Facts In, Facts Out: Global Media Urge AI to Get News Right and Show Their Sources

AI assistants warp news, eroding trust. The EBU, WAN-IFRA, and FIPP are pushing for consent, clear attribution, and accountability-PR teams need to monitor and verify.

Categorized in: AI News PR and Communications
Published on: Jan 10, 2026
Facts In, Facts Out: Global Media Urge AI to Get News Right and Show Their Sources

"Facts In, Facts Out": What PR and Comms Pros Need to Know About the Global Push for AI Transparency

AI assistants are increasingly where people get their news. The problem: too often, the facts come out distorted, stripped of context, or misattributed. That erodes trust-both in journalism and in the brands quoted in those stories.

Global media bodies have launched "Facts In, Facts Out," a campaign pressing AI companies to make source transparency and responsible use of journalistic content a priority. It's being led by the European Broadcasting Union (EBU), the World Association of News Publishers (WAN-IFRA), and the International Federation of Periodical Publishers (FIPP).

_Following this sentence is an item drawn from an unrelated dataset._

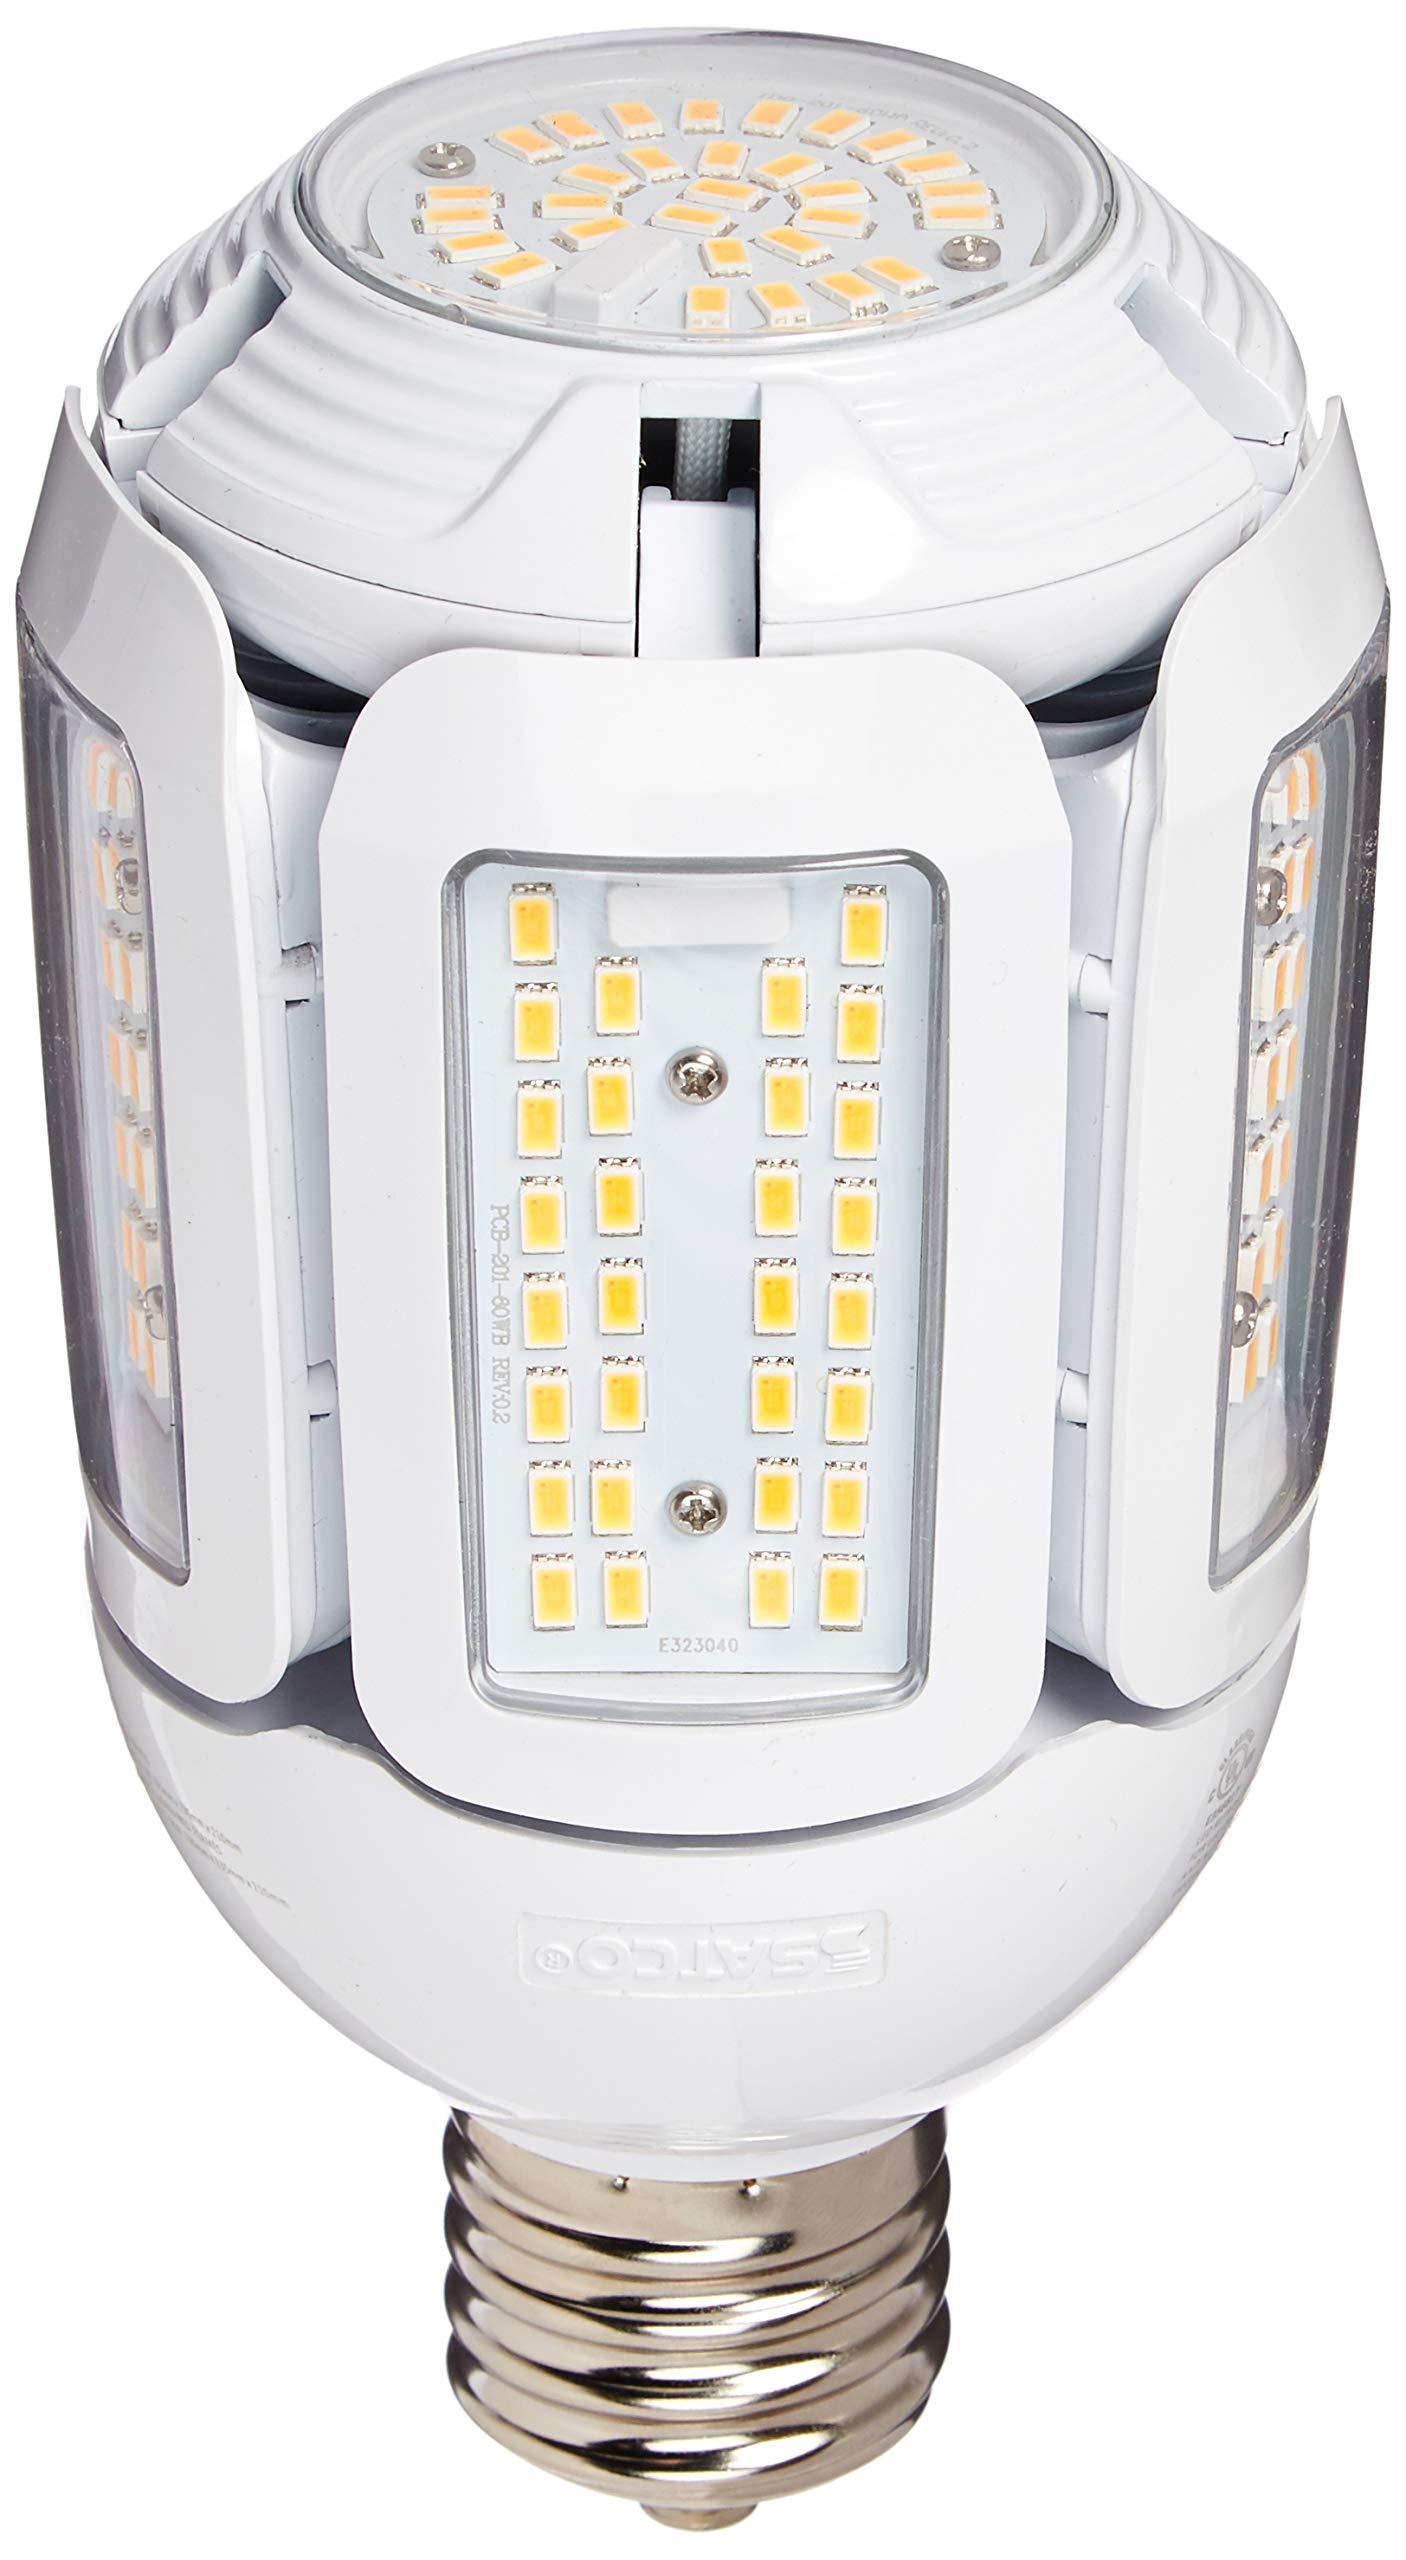 Satco S9799 60 Watt LED Hid Replacement 2700 Kelvin Adjustable Beam Angle 100-277V Light Bulb, Mogul Base (EX39)

What's driving the campaign

The BBC and EBU's News Integrity in AI Assistants report (June 2025) found a clear pattern: across countries, languages, and platforms, AI tools alter, decontextualize, or misuse news from trusted sources. That's a direct hit to accuracy and public confidence.

"For all its power and potential, AI is not yet a reliable source of news and information - but the AI industry is not making that a priority," said EBU Director of News, Liz Corbin. WAN-IFRA CEO Vincent Peyregne put it bluntly: "If AI assistants ingest facts published by trusted news providers, then facts must come out at the other end, but that's not what's happening today."

As more people-especially younger audiences-treat AI answers like headlines, the stakes rise for every communicator whose quotes, data, or brand mentions travel through these systems.

Why it matters for PR and Communications

Distorted output from AI assistants can misframe your message, misattribute your statements, or circulate outdated details at scale. That complicates reputation management and crisis response.

Transparent sourcing isn't a newsroom-only issue. It's a brand safety issue. You need to know where your words end up, how they're presented, and whether the original source is visible and verifiable.

The five principles the campaign is asking AI companies to adopt

  • No consent - no content: Use news content in AI tools only with the originator's authorization.
  • Fair recognition: Value from trusted news content must be recognized when used by third parties.
  • Accuracy, attribution, provenance: The original source behind AI-generated content should be visible and verifiable.
  • Plurality and diversity: AI systems should reflect the diversity of the global news ecosystem.
  • Transparency and dialogue: Tech companies must engage openly with media to develop shared standards for safety, accuracy, and transparency.

Action steps for PR teams right now

  • Make your source of truth unmistakable: Ensure press releases, newsroom posts, and media kits clearly state the original source and include consistent bylines, timestamps, and canonical links.
  • Set your terms: Review and tighten content usage policies, including guidance on AI scraping, attribution, and consent for reuse.
  • Ask for attribution in writing: Bake source visibility and link-back requirements into contracts with platforms, syndication partners, and AI vendors.
  • Monitor AI answers: Track how major assistants summarize your news and statements. Flag inaccuracies early and document patterns.
  • Pre-write corrections and clarifications: Have a fast path to challenge misattribution or decontextualized quotes-including who to contact and what evidence to provide.
  • Strengthen media relationships: Share clear fact sheets and context notes with journalists to reduce room for distortion downstream.
  • Train your team: Build AI literacy so staff can spot issues, interpret model outputs, and respond effectively. If helpful, explore job-specific AI training options here: AI Courses by Job.

What good looks like

Credible inputs, credible outputs. That's the core idea. If AI companies ingest verified reporting, the output should preserve the facts, attribute the source, and show the path back to the original.

The campaign isn't about blame. It's an open invitation to set shared standards so the public can access reliable journalism-no matter which tool they use.

Learn more

Bottom line for PR: Treat AI source transparency as part of your brand's risk posture. Push for attribution, verify what the models say about you, and keep your source-of-truth airtight.